Latin America fared relatively well during the worldwide meltdown—its banking systems held up, principally because they are old-fashioned, not overly leveraged, or engaged in non-traditional activities. Moreover, banking reforms implemented in the wake of past banking crises served the region well. For the first time, governments were able to implement countercyclical fiscal stimuli, boosting their economies and reducing recession. Latin America has new-found legitimacy on a number of fronts: its economic performance in the midst of the global downturn; Brazil’s incipient superpower status; and the respect enjoyed by several Latin American ex-presidents on the international stage. “The region now enjoys a (modest) place at the world table,” Giugale noted.
Direct transfers to the poor, together with remittances flowing in from workers abroad and a stable macroeconomic environment, have helped Latin America significantly reduce poverty levels and chip away at egregious socioeconomic inequality, which had for so long come to define the region. The middle class is growing apace.
With growth comes a louder call for government responsibility. Corruption still plagues Latin American institutions, but the contract between the state and its people is growing stronger. Increased government transparency can help build trust among populations, and citizens will be more inclined to cede governments power to collect higher taxes. Governments could deliver better services and run a more robust and efficient state, breaking the cycle of citizens who pretend to pay taxes and governments who pretend to provide services.
Social policies have moved in a positive direction, targeting equity rather than equality. In other words, the focus has shifted to providing equitable opportunities to all. One important positive externality of the proliferation of conditional cash transfer programs is the establishment of logistics to reach the poor (i.e. bank accounts, contact information, etc), thereby incorporating them into increasingly inclusive societies.
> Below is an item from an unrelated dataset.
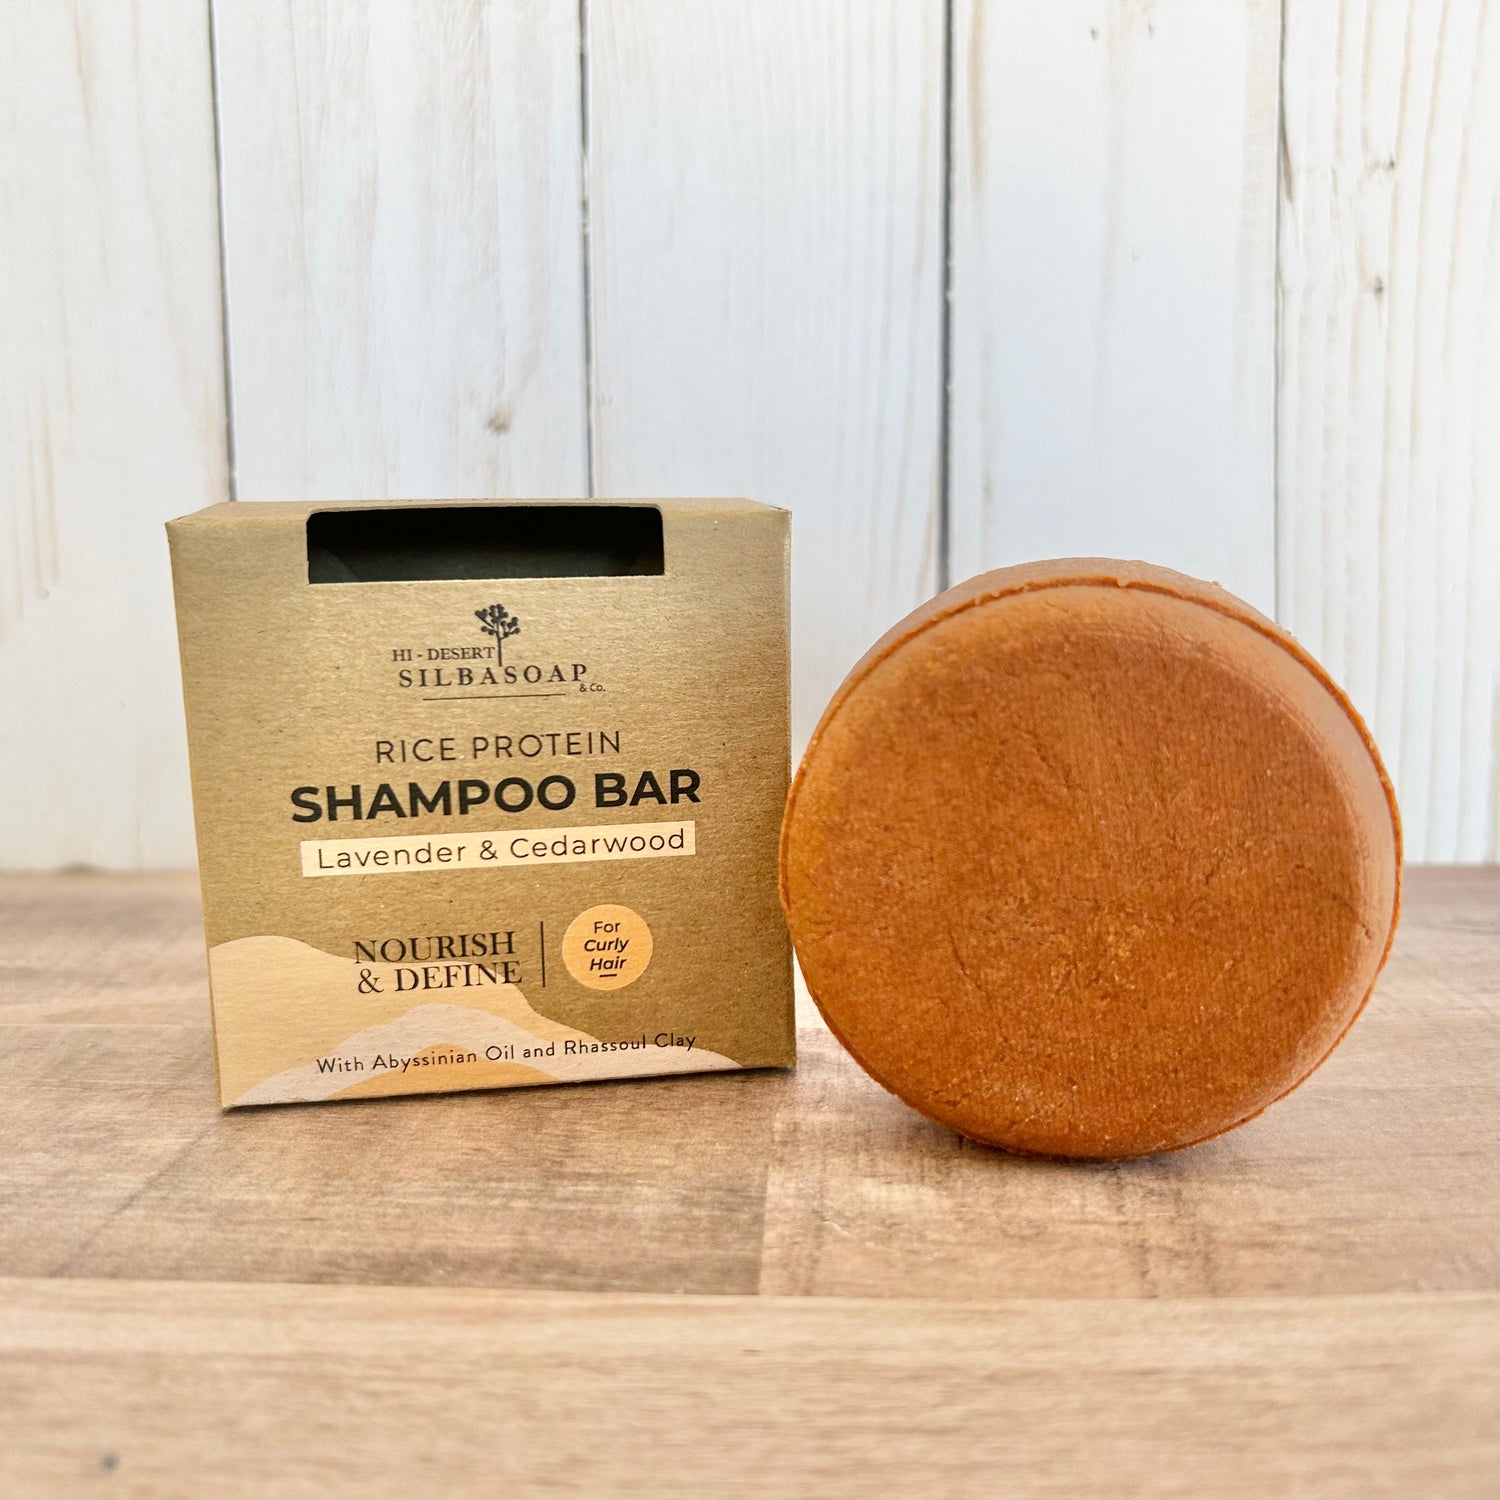 Shampoo bar for curly hair with box

Yet in order for economic growth in Latin America to reach higher levels, Giugale contends that the region needs a “new brand,” not new free trade agreements. Penetration of Latin American goods in the world market reaches only 5 percent. (Over the past several decades, Asia’s share has quadrupled from 5 to 20 percent, while Latin America’s has remained stagnant). Innovation in Latin America is insufficient and the region’s total factor productivity relative to that of the United States is declining, while Asia’s is rising. The possibility of facing appreciated currencies relative to a weak dollar increases the urgency for productivity-enhancing reforms in Latin America.
With appropriate policies, the region’s problems appear surmountable. The outlook for future growth is positive. Canuto and Giugale warned, however, that inadequate education systems; the possibility of a natural resource curse; crime and violence; and a possible sovereign debt collapse or rating downgrade in a G7 country, all present risks to Latin America’s continued economic success.